Apache SQOOP in Hadoop

Apache Sqoop:

Apache Sqoop is a tool designed to transfer data between Hadoop and relational databases. Mostly used for import/export data from RDBMS to HDFS vice versa. Sqoop works with relational databases such as Teradata, Oracle, MySQL etc.




Apache Sqoop is a tool designed for efficiently transferring bulk data between Hadoop.

Where Sqoop is used?

Developers feel the transferring of data between relational database systems and HDFS is not interesting, the interesting work starts after data is loaded into HDFS. They always write custom scripts to transfer data in and out of Hadoop.

In case of Map-Reduce programs needs to do similar jobs, the database server would experience very high load, for a large number of concurrent connections, while Map Reduce programs were running for performance issues.

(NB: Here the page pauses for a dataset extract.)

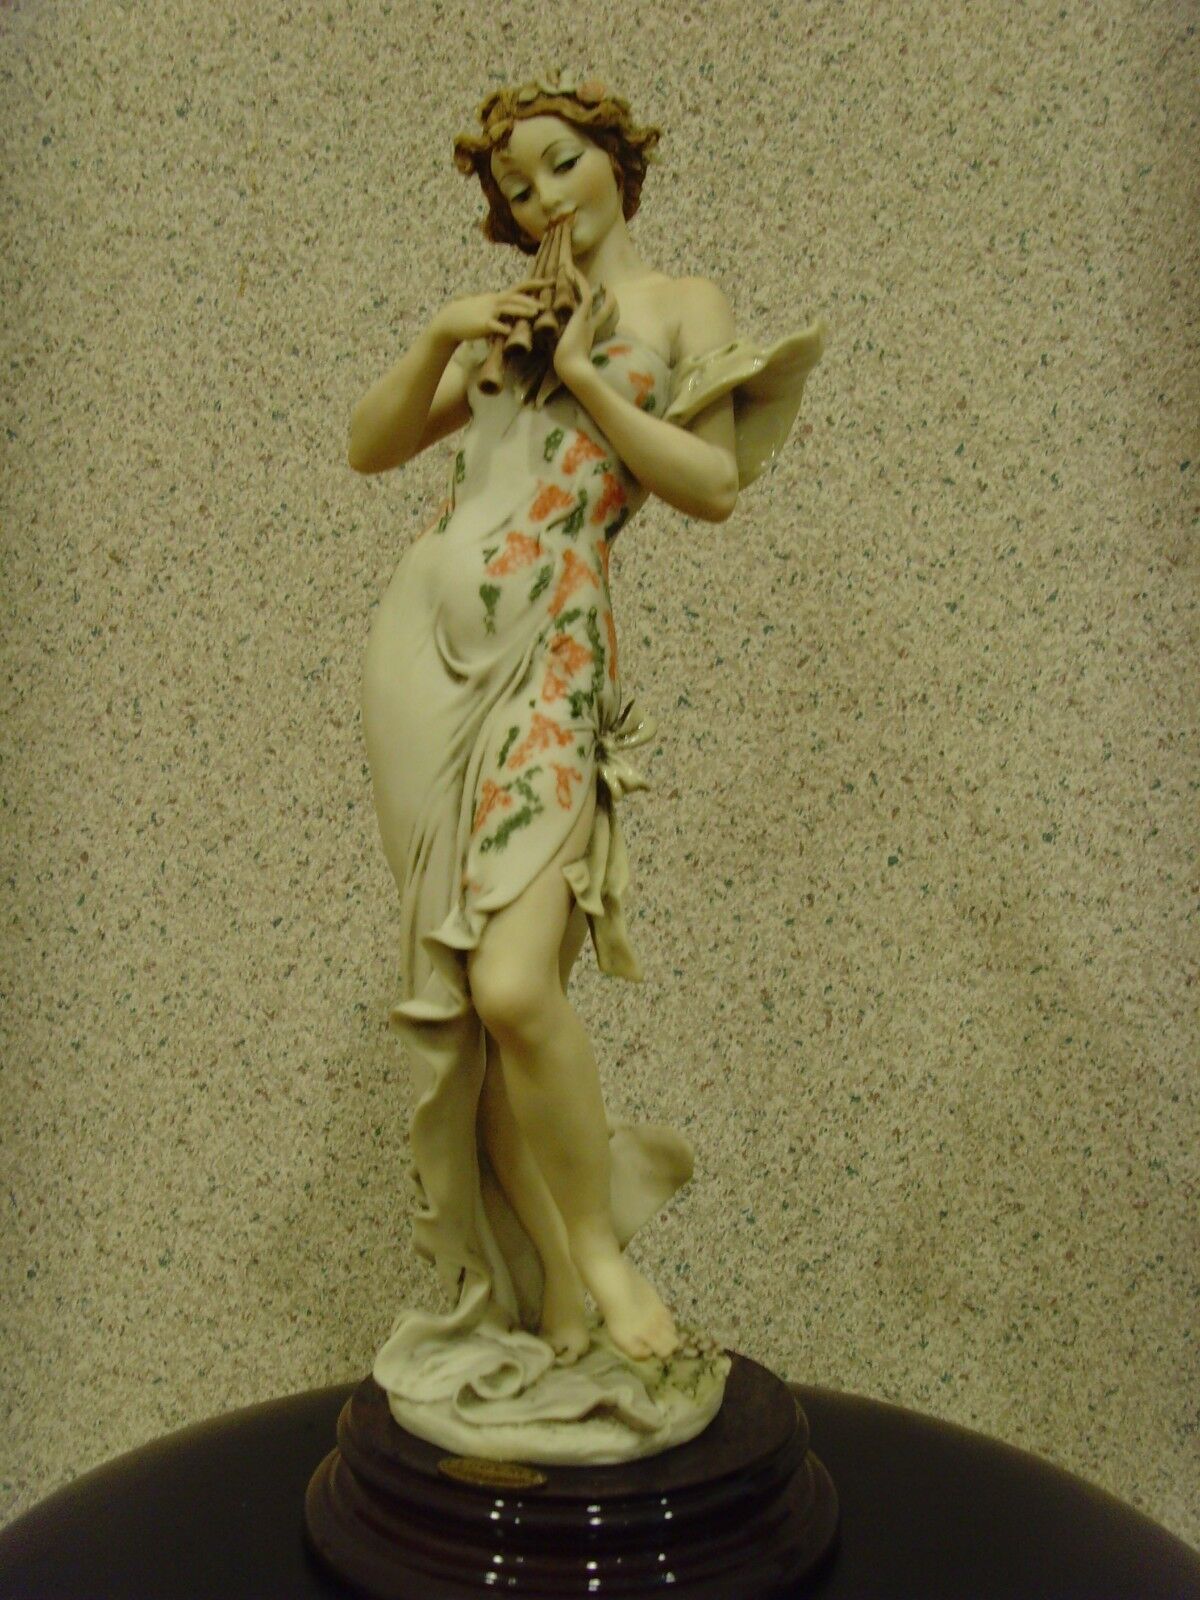 GIUSEPPE ARMANI MELODY 656C FIGURINE MEMBER ONLY MINT CONDITION

Apache Sqoop makes this possible with a single command line mostly Sqoop uses MapReduce to import and export the data, which provides parallel operations as well as fault tolerance purpose.

What Sqoop Does?

1. Sqoop import sequential data sets from mainframe – the growing need to move data from the mainframe to HDFS.

2. Data import – moves certain data from external stores into Hadoop to optimize the cost-effectiveness of combined data storage and processing.

3. Fast Data copies –  from external systems into Hadoop

4. Parallel data transfer – faster performance and optimal system utilization

5. Load balancing – excessive storage and processing loads to other systems.

Apache Sqoop latest version:

Latest stable release 1.4.7

Sqoop Architecture:

Apache Sqoop command submitted by the end user is parsed by Sqoop and launches Hadoop Map Reduce the only job to import or export data and aggregations are needed. Sqoop just imports and exports the data. It does not do any aggregations. Map job launch multiple mappers depends on the number defined by the user in the command line. Each mapper creates a connection with the database using JDBC and fetches the part of data assigned.

SQOOP Architecture diagram:




Sqoop only for imports and exports the data.